PyTorch's Transformer and Multi-Head Attention Implementation

A look at how PyTorch implements the Transformer and Multi-Head Attention to understand both how the core components of the Transformer are written as well as what engineering decisions were made or required for the implementation.

In the PyTorch source code as of v1.12.0 we find a tensor library - aten, the experimental JAX-like functorch and the primary source of PyTorch itself under the subdirectory torch/.

Structure of `pytorch/torch/nn/modules/`

Starting by first looking around inside torch/ we see familiar subpackages:

cuda for providing CUDA support on GPUs
onnx for compiling to the Open Neural Network Exchange, open-source standard for representing models in an interoperable way
fft for Fast Fourier Transforms and other related jazz
optim for optimizers
a profiler
support for sparse operations and operators
support for quantization
a linear algebra library linalg
nn for neural network model components

If we go into [pytorch/torch/nn/modules/](<https://github.com/pytorch/pytorch/tree/master/torch/nn/modules>) we see a list of modules, including but not limited to¹ activation, batchnorm, conv, distance, dropout, linear, loss, module, normalization, padding, pooling, rnn, sparse, and transformer.

The init.py follows the usual from .some_module import object, other_object syntax then defines the “public” classes and functions via an __all__ list.

# the Module abstract base class
from .module import Module
# convolution operations (including transposed convolutions)
from .conv import Conv1d, Conv2d, Conv3d, \\\\
    ConvTranspose1d, ConvTranspose2d, ConvTranspose3d # and more...
# activation functions
from .activation import Threshold, ReLU, Hardtanh, ReLU6, Sigmoid, Tanh, \\\\
    Softmax, Softmax2d, LogSoftmax, ELU, SELU, CELU, GELU, Hardshrink, LeakyReLU, # and more...
# losses
from .loss import L1Loss, NLLLoss, KLDivLoss, MSELoss, BCELoss, BCEWithLogitsLoss, NLLLoss2d, \\\\
    CosineEmbeddingLoss, CTCLoss, HingeEmbeddingLoss, MarginRankingLoss, \\\\
    MultiLabelMarginLoss, MultiLabelSoftMarginLoss, MultiMarginLoss, SmoothL1Loss, HuberLoss, \\\\
    SoftMarginLoss, CrossEntropyLoss, TripletMarginLoss, TripletMarginWithDistanceLoss # and more...
# transformer
from .transformer import TransformerEncoder, TransformerDecoder, \\\\
    TransformerEncoderLayer, TransformerDecoderLayer, Transformer

# then export all the public entities with __all__
__all__ = [
    'Module', 'Identity', 'Linear', 'Conv1d', 'Conv2d', 'Conv3d', 'ConvTranspose1d'
    ...
    'Hardsigmoid', 'Hardswish', 'SiLU', 'Mish', 'TripletMarginWithDistanceLoss', 'ChannelShuffle'
]

The Transformer Module

If we take a look inside the transformer module therein - and filter on code definitions with GitHub’s handy “jump to” feature - we see that there are five classes defined:

Transformer - A transformer model. User is able to modify the attributes as needed
TransformerEncoder - TransformerEncoder is a stack of N encoder layers
TransformerDecoder - TransformerDecoder is a stack of N decoder layers
TransformerEncoderLayer - TransformerEncoderLayer is made up of self-attn and feedforward network
TransformerDecoderLayer - TransformerDecoderLayer is made up of self-attn, multi-head-attn and feedforward network

Where all of these classes are implemented with standard vanilla architectures based on the paper Attention Is All You Need.

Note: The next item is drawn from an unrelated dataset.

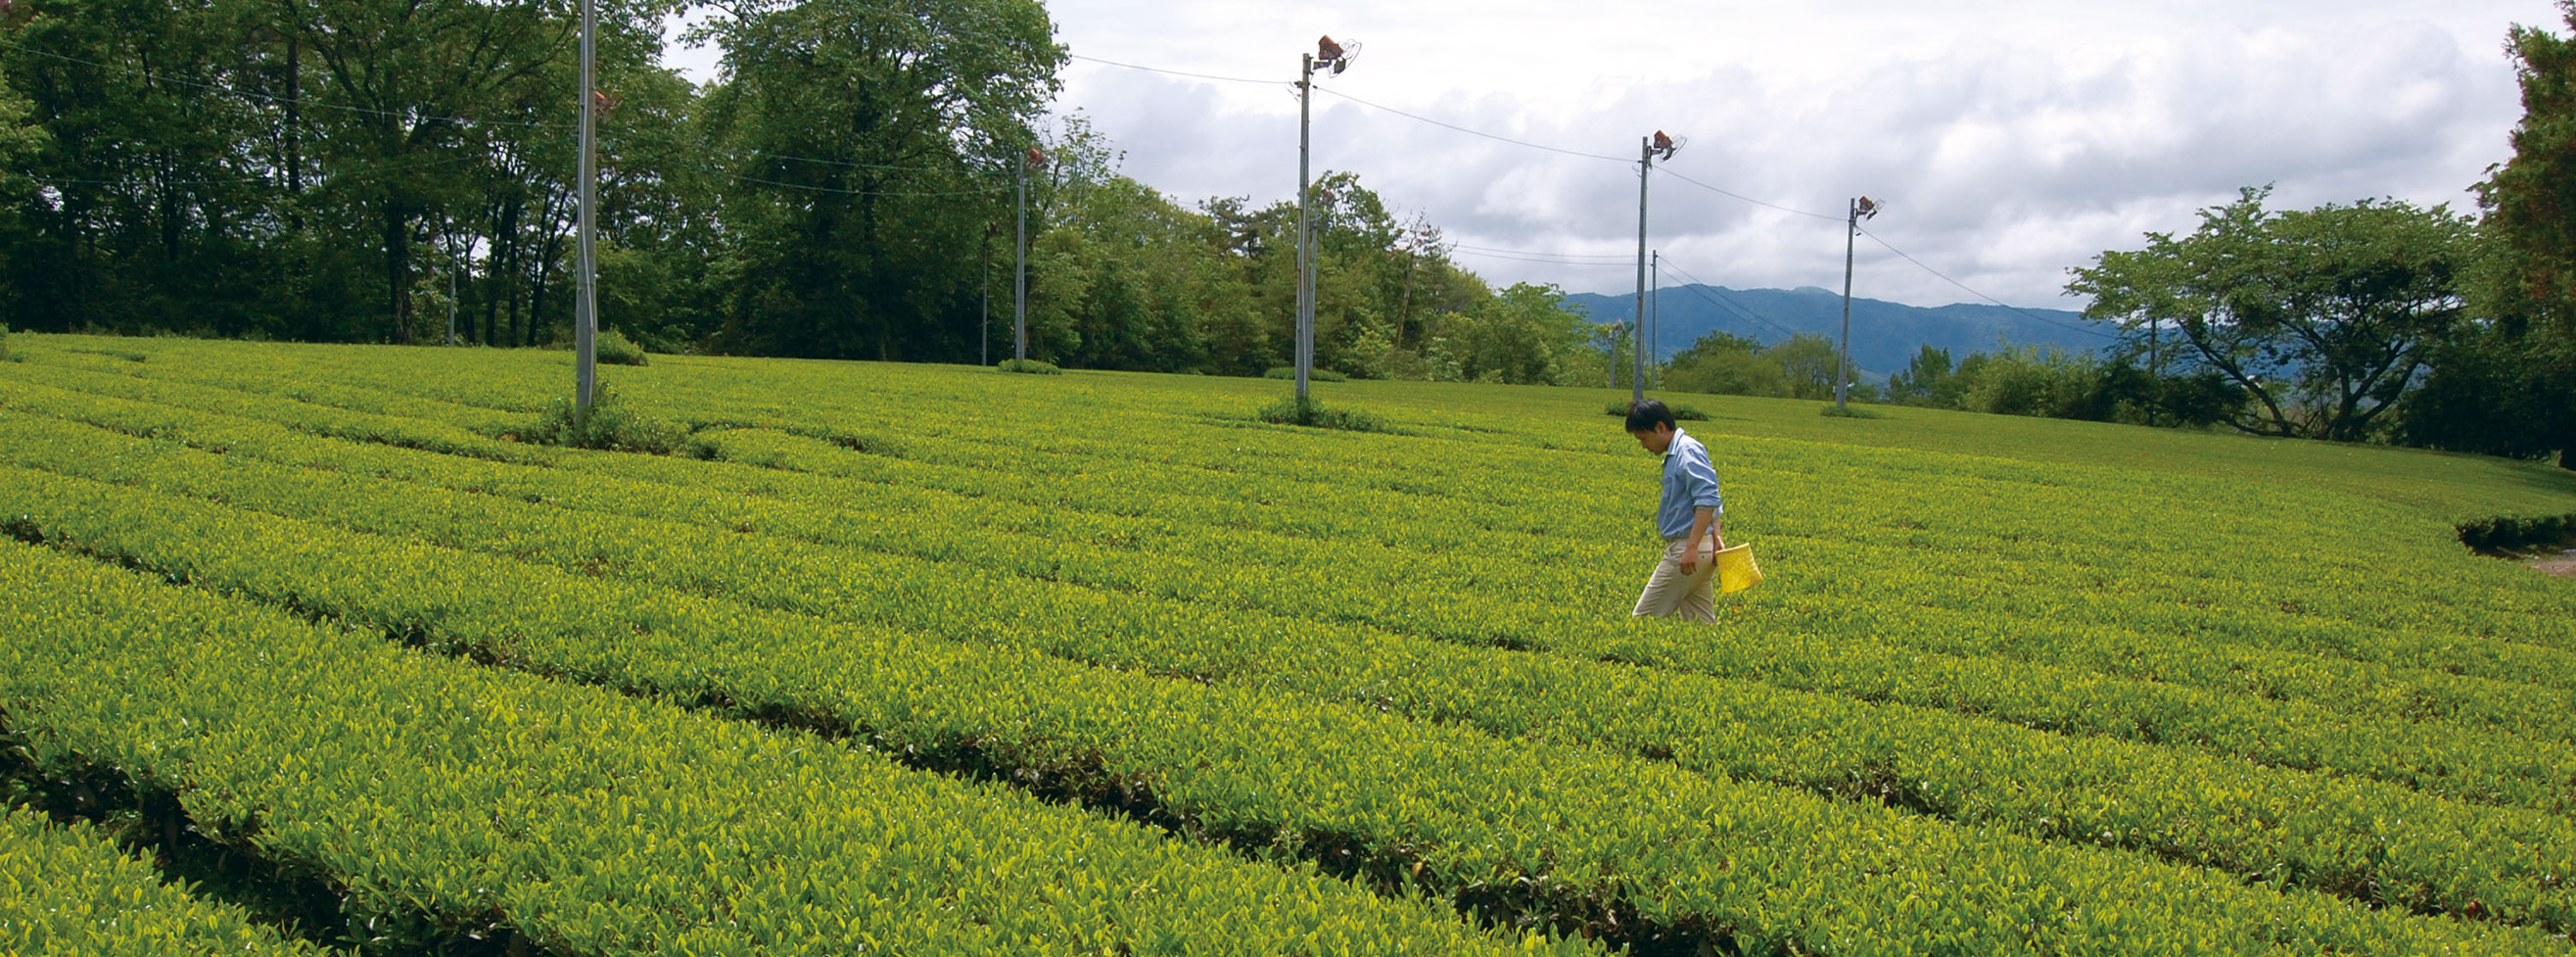 KEIHOKUプライベートブランド 有機栽培茶

Let’s look at the Transformer implementation

PyTorch’s Transformer - `torch.nn.Transformer`

If we look at the implementation of the [Transformer in PyTorch](https://pytorch.org/docs/stable/generated/torch.nn.Transformer.html#torch.nn.Transformer), we see that we initialize the model with the following parameters (arguments to init) which I comment / describe inline:

def __init__(
    self,
    d_model: int = 512,                                          # input embedding dimension
    nhead: int = 8,                                              # number of attention heads
    num_encoder_layers: int = 6,                                 # number of encoder layers
    num_decoder_layers: int = 6,                                 # number of decoder layers
    dim_feedforward: int = 2048,                                 # linear layer dimensionality
    dropout: float = 0.1,                                        # dropout probability
    activation: Union[str, Callable[[Tensor], Tensor]] = F.relu, # activation function
    # You can pass custom encoder or decoders
    custom_encoder: Optional[Any] = None,
    custom_decoder: Optional[Any] = None,
    # engineering arguments
    layer_norm_eps: float = 1e-5, # epsilon added to layer norm denominator - numerical stability
    batch_first: bool = False,    # whether to put the batch (sample-wise) dimension first or second
    # whether to apply the layer norm before or after the multi-head attention block
    norm_first: bool = False,
    # "factory" key-word arguments the device the parameter tensors are on and their data types
    device=None,
    dtype=None,
) -> None:

First the housekeeping arguments…

The layer_norm_eps argument is an additional term added to the denominator of the LayerNorm operation for numerical stability in cases where the weights’ standard deviation is close to zero. For details see the Note on Normalization including Layernorm and Batchnorm.
You can specify whether to put the batch (sample-wise) dimension first, as comes out of DataLoaders unless you tweak the collate function, or second
Interestingly, we can apply the Layer Normalization layer before or after Multi-Headed Attention as mentioned in the paper On Layer Normalization in the Transformer Architecture by Ruibin Xiong and colleagues from 2020.
You can pass a custom encoder and / or decoder via custom_encoder and custom_decoder
There are also a couple of “factory” key-word arguments that specify the device the parameter tensors are on and their data types

The more interesting arguments…

d_model (integer, defaulting to 512) - the input embedding dimension
nhead (integer, defaulting to 8) - the number of attention heads
num_encoder_layers (integer, defaulting to 6) - the number of encoder layers
num_decoder_layers (integer, defaulting to 6) - the number of decoder layers
dim_feedforward (integer, defaulting to 2048) - the linear layer dimensionality
dropout (floating point, defaulting to 0.1) - the dropout probability
activation (either a string or a callable, defaulting to F.relu - the activation function

The forward pass through the Transformer model is not particularly enlightening in itself because sensibly it delegates all work to modular components, but it is here that we begin our overview of the Transformer before zooming in. The forward pass is as follows:

# arguments to Transformer.forward

# src: the sequence to the encoder (required).
# tgt: the sequence to the decoder (required).
# src_mask: the additive mask for the src sequence (optional).
# tgt_mask: the additive mask for the tgt sequence (optional).
# memory_mask: the additive mask for the encoder output (optional).
# src_key_padding_mask: the ByteTensor mask for src keys per batch (optional).
# tgt_key_padding_mask: the ByteTensor mask for tgt keys per batch (optional).
# memory_key_padding_mask: the ByteTensor mask for memory keys per batch (optional).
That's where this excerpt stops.